On Mon, Mar 13, 2017 at 04:51:58PM +0900, Martin J. Dürst wrote:
> My personal opinion is that we could try to fix this by changing the
> following:
> 
> >>>>
>    JSON text SHALL be encoded in UTF-8, UTF-16, or UTF-32 [UNICODE]
>    (Section 3).  The default encoding is UTF-8, and JSON texts that are
>    encoded in UTF-8 are interoperable in the sense that they will be
>    read successfully by the maximum number of implementations; there are
>    many implementations that cannot successfully read texts in other
>    encodings (such as UTF-16 and UTF-32).
> >>>>
> 
> to something like the following:
> 
> >>>>
>    JSON text SHOULD be encoded in UTF-8 [UNICODE]
>    (Section 3).  JSON texts that are
>    encoded in UTF-8 are interoperable in the sense that they will be
>    read successfully by the maximum number of implementations.
> 
>    There are
>    many implementations that cannot successfully read texts in other
>    encodings (such as UTF-16 and UTF-32). JSON text MAY be encoded in
>    UTF-16 or UTF-32 [UNICODE] (Section 3) if the sender is sure that
>    the intended recipients can read them.
> >>>>
> 
> That should then go together with a MIME registration that only lists UTF-8.

+1.

I would restore the text from an older draft about how counting the
number of NULs in the first four bytes can be used to determine which of
UTF-8, 16, or 32 the text is encoded in, modified to avoid all talk of
BOMs (which had no consensus):

   Implementors MAY count the number of ASCII NULs in the first four
   bytes of any JSON text to detect which of UTF-8, UTF-16, or UTF-32
   the text is encoded in:

    - if the count is zero, then the text is encoded in UTF-8
    - if the count is one or two, then the text is encoded in UTF-16
    - if the count is three, then the text is encoded in UTF-32

   This results from a) JSON texts having to start with an ASCII
   character, b) no unescaped NULs being allowed in JSON strings, and c)
   any type being allowed at the top-level, thus the first character may
   be a double-quote and the second may be any permissible, unescaped
   Unicode codepoint.  An ASCII character requires a NUL-valued byte in
   UTF-16 encoding, three in UTF-32, and none in UTF-8.

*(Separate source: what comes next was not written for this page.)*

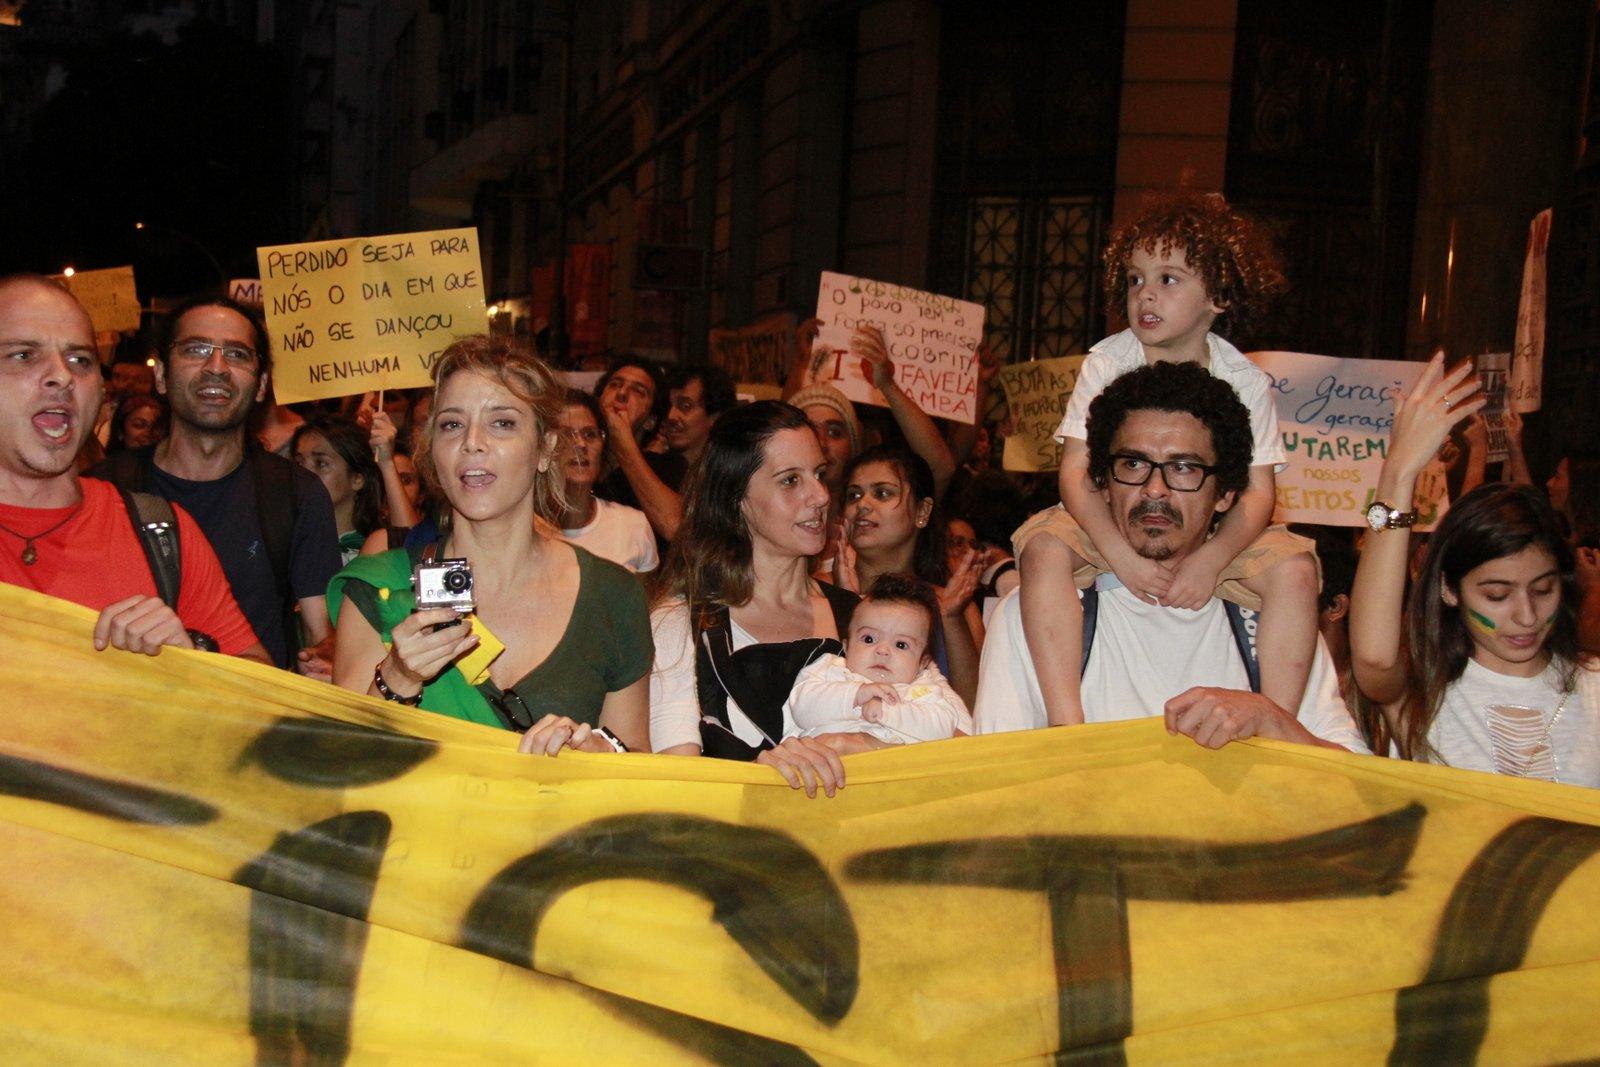 A atriz Christine Fernandes segurando a faixa de protesto
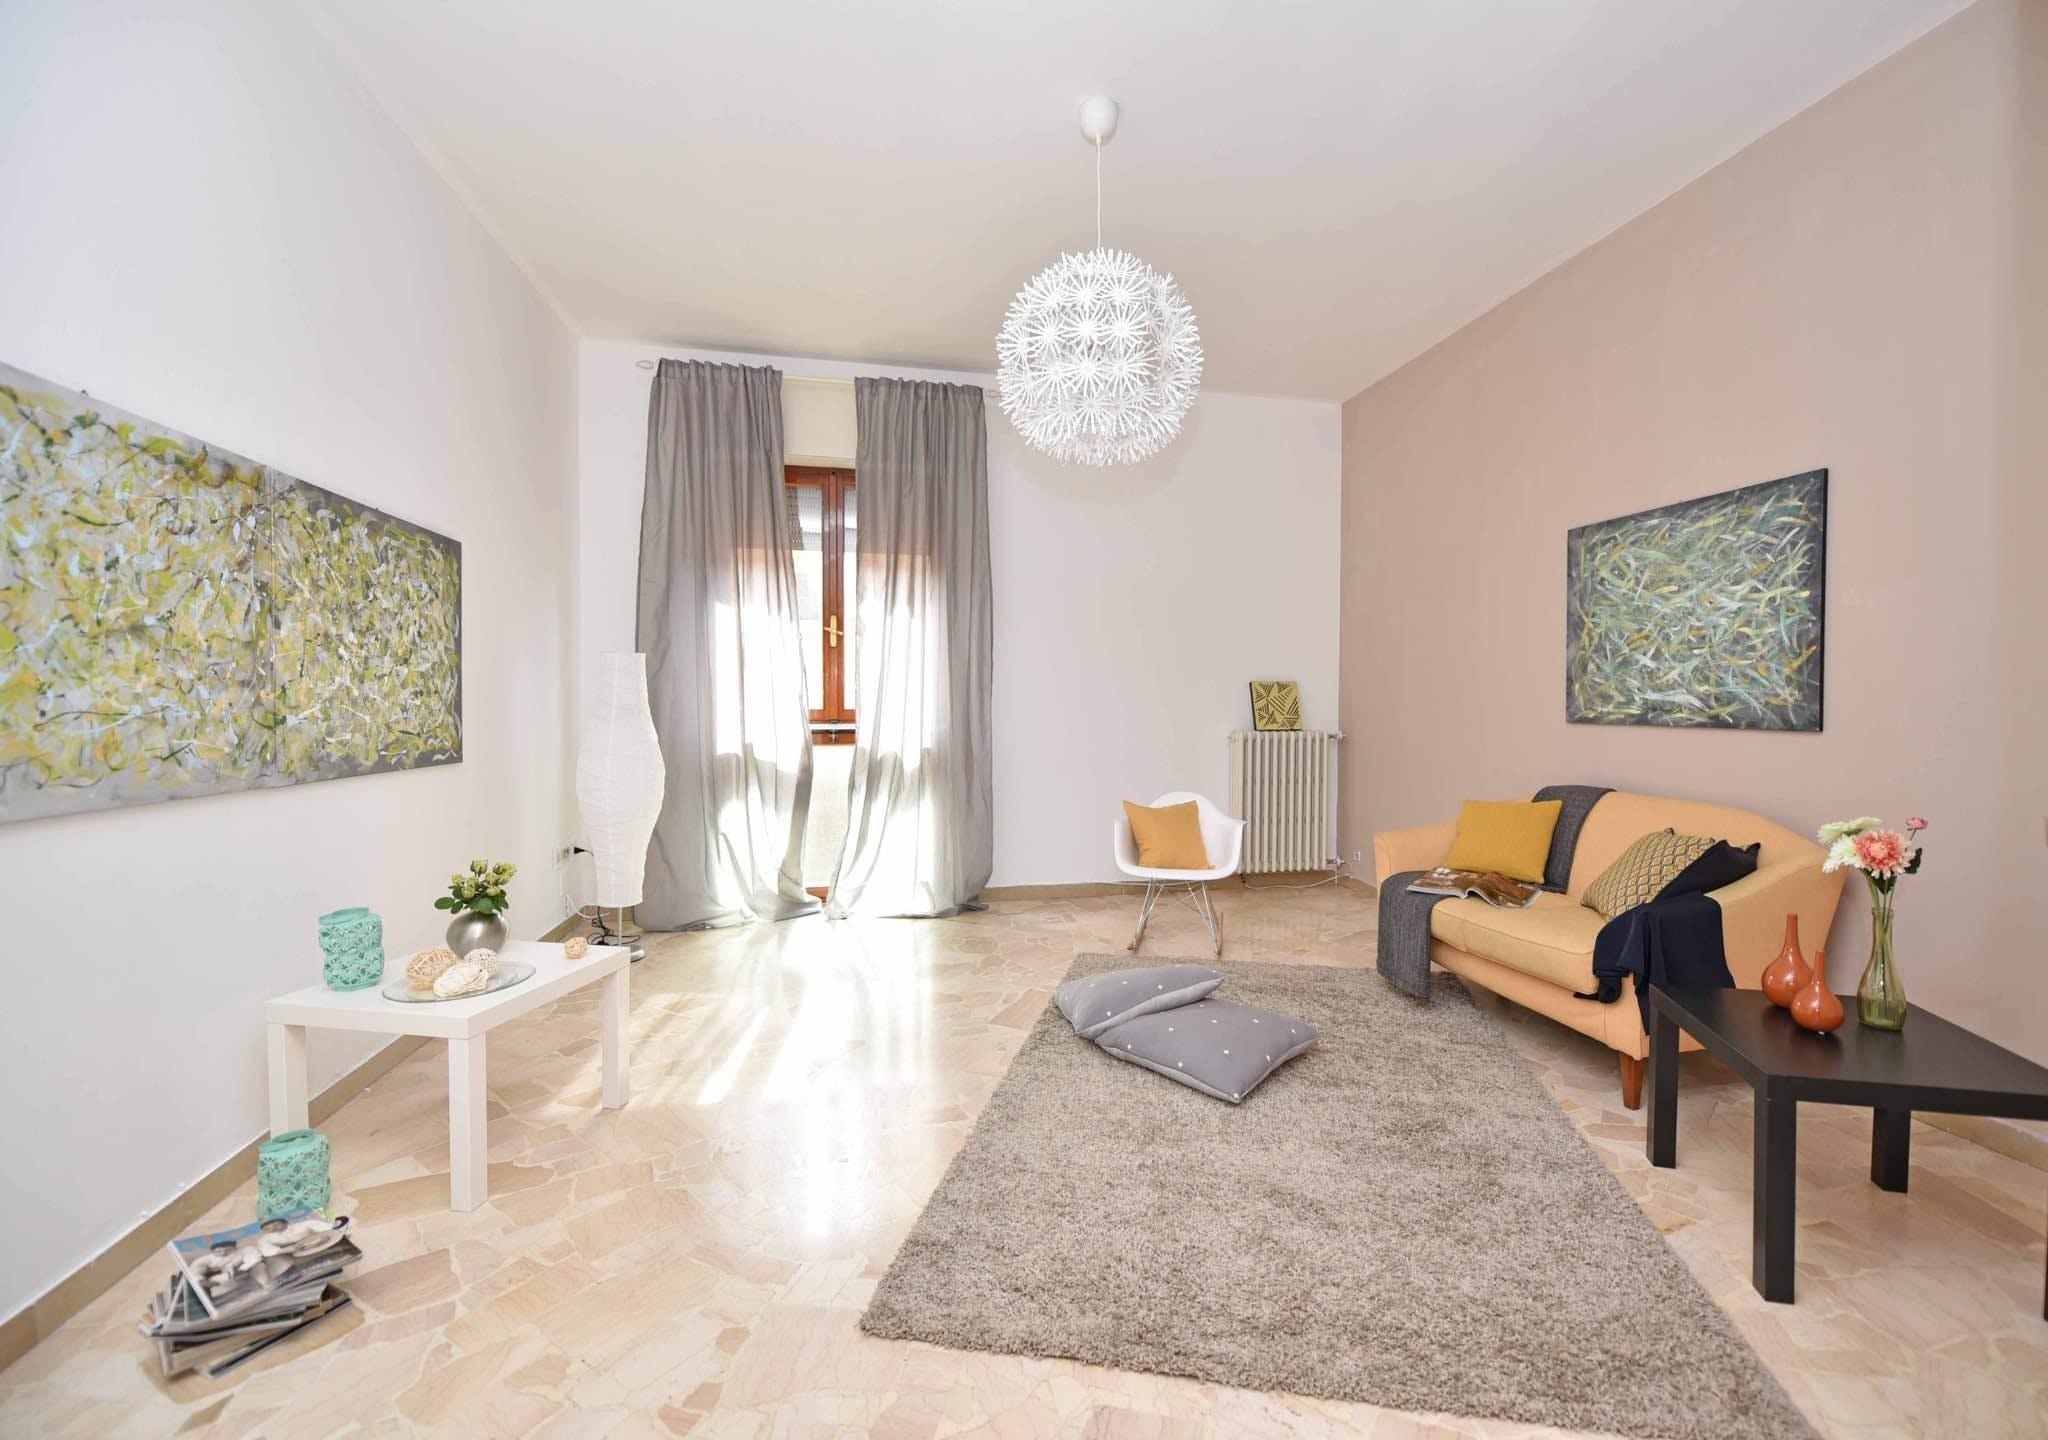 açık, apartman, halı, iç dizayn içeren Ücretsiz stok fotoğraf

Note the "MAY".  The idea is that we should be sending (and storing)
JSON texts encoded in UTF-8 per the text I +1'ed above, so we shouldn't
bother recommending or requiring the use of this UTF detection scheme.
But there's no harm in describing it.

See https://www.ietf.org/mail-archive/web/json/current/msg02053.html

The encoding detection algorithm can be optimized a bit since if neither
the first nor the second bytes are NUL-valued then the encoding must be
UTF-8.

The algorithm can also be combined with an understanding of byte
ordering to detect encoding by looking only at the first two bytes in
some cases, but whatever.

ASIDE:

  I don't see any reason not to also include text discussing byte-order
  detection in the UTF-16 and UTF-32 cases, but I don't care very much
  about it, and given the prior lack of consensus for it, there's no
  need to relitigate that point now.  Also, it's pretty obvious how to
  detect byte-order anyways, at least given the text on how to detect
  encoding: just looking at the first two bytes will tell you what the
  byte order is!

  If the first byte is zero-valued, then the byte order is big-endian,
  if the first is not zero-valued but the second is, then the byte order
  is little-endian, and if both, the first and second bytes are
  zero-valued, then the byte order is big-endian; if neither the first
  nor the second bytes are zero-valued then the encoding is UTF-8 and
  byte-order is irrelevant.

Cheers,

Nico
--